_Work to complete_
Copy, exactly and without additions, every line in the records below from the one holding "Skovoroda Museum (Collegium), Pereyaslav" through the one holding "Key customer segmentation", both ends included.

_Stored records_

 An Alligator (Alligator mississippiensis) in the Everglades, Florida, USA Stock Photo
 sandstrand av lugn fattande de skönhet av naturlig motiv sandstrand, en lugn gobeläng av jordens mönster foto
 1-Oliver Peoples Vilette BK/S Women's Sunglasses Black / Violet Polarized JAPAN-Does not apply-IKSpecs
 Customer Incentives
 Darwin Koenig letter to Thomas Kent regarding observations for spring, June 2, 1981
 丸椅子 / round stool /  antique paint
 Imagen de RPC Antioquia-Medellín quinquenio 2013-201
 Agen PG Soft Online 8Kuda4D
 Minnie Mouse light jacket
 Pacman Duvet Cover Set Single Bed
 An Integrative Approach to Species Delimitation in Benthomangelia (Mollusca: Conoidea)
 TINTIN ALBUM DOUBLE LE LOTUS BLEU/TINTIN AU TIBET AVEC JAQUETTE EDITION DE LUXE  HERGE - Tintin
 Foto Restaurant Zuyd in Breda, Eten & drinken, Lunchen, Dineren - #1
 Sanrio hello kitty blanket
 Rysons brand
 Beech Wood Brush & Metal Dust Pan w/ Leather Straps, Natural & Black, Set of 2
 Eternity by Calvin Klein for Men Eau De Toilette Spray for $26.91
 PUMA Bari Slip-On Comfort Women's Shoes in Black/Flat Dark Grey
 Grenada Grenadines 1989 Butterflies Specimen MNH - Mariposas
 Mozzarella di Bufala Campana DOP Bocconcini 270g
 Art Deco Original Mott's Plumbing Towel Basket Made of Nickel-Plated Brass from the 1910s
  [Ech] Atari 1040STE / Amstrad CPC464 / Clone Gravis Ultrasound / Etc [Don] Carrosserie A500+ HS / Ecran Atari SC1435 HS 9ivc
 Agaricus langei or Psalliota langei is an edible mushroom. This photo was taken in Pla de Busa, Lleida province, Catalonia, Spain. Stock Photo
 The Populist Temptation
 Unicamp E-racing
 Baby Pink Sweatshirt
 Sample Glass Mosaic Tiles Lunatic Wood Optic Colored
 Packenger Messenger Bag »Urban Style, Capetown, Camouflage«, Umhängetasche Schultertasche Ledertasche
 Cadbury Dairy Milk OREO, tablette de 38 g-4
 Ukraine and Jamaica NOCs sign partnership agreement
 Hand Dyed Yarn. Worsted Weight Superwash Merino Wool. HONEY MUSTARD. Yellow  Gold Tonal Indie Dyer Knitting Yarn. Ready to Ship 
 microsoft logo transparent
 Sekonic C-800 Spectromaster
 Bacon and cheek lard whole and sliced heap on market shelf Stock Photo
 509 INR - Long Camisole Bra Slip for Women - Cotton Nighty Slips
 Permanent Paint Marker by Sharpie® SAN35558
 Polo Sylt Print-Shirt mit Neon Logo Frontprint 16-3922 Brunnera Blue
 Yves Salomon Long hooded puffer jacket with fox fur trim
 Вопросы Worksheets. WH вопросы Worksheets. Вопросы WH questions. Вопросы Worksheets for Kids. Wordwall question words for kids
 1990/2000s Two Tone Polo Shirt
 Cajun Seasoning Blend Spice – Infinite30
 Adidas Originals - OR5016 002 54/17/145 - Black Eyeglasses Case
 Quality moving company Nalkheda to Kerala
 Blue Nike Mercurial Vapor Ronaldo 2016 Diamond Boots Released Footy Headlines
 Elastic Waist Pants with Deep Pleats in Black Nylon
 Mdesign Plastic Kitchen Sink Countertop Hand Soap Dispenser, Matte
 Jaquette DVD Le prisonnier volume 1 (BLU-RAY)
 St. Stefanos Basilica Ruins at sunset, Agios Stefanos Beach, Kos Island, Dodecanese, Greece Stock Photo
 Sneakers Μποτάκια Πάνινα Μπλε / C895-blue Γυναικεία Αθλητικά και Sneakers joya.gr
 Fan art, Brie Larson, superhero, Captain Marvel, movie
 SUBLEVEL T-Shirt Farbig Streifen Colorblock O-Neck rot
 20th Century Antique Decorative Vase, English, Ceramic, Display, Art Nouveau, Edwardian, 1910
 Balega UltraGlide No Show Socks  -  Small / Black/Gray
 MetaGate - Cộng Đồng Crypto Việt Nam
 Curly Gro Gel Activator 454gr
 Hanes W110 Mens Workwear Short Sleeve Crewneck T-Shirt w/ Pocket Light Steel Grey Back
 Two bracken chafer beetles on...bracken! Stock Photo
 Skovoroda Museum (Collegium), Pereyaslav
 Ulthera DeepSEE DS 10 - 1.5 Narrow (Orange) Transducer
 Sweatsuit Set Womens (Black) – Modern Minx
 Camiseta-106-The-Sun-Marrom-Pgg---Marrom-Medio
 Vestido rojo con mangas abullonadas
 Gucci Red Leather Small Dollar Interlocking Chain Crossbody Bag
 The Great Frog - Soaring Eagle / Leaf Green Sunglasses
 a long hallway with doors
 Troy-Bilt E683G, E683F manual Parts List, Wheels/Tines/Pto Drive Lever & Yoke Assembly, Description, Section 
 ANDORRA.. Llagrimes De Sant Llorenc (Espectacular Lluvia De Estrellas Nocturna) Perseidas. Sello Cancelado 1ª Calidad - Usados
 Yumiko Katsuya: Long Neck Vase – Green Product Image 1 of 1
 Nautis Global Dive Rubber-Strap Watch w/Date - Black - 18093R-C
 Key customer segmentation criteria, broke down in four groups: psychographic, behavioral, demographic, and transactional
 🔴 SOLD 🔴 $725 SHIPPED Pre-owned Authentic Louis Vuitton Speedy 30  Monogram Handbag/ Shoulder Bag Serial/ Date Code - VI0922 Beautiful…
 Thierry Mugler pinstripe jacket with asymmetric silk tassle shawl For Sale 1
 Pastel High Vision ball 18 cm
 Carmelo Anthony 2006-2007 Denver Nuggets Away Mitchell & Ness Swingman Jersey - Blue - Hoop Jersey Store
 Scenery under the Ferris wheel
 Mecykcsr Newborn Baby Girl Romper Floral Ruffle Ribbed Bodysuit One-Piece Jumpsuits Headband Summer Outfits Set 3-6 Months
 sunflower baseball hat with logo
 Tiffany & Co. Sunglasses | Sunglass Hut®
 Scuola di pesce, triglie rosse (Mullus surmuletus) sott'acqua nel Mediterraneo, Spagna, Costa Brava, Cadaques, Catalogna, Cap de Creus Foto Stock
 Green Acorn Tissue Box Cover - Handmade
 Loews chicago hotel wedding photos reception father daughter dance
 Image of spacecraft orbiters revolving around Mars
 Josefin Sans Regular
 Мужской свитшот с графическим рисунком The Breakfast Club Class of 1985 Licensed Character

_Answer to this exercise_
 Skovoroda Museum (Collegium), Pereyaslav
 Ulthera DeepSEE DS 10 - 1.5 Narrow (Orange) Transducer
 Sweatsuit Set Womens (Black) – Modern Minx
 Camiseta-106-The-Sun-Marrom-Pgg---Marrom-Medio
 Vestido rojo con mangas abullonadas
 Gucci Red Leather Small Dollar Interlocking Chain Crossbody Bag
 The Great Frog - Soaring Eagle / Leaf Green Sunglasses
 a long hallway with doors
 Troy-Bilt E683G, E683F manual Parts List, Wheels/Tines/Pto Drive Lever & Yoke Assembly, Description, Section 
 ANDORRA.. Llagrimes De Sant Llorenc (Espectacular Lluvia De Estrellas Nocturna) Perseidas. Sello Cancelado 1ª Calidad - Usados
 Yumiko Katsuya: Long Neck Vase – Green Product Image 1 of 1
 Nautis Global Dive Rubber-Strap Watch w/Date - Black - 18093R-C
 Key customer segmentation criteria, broke down in four groups: psychographic, behavioral, demographic, and transactional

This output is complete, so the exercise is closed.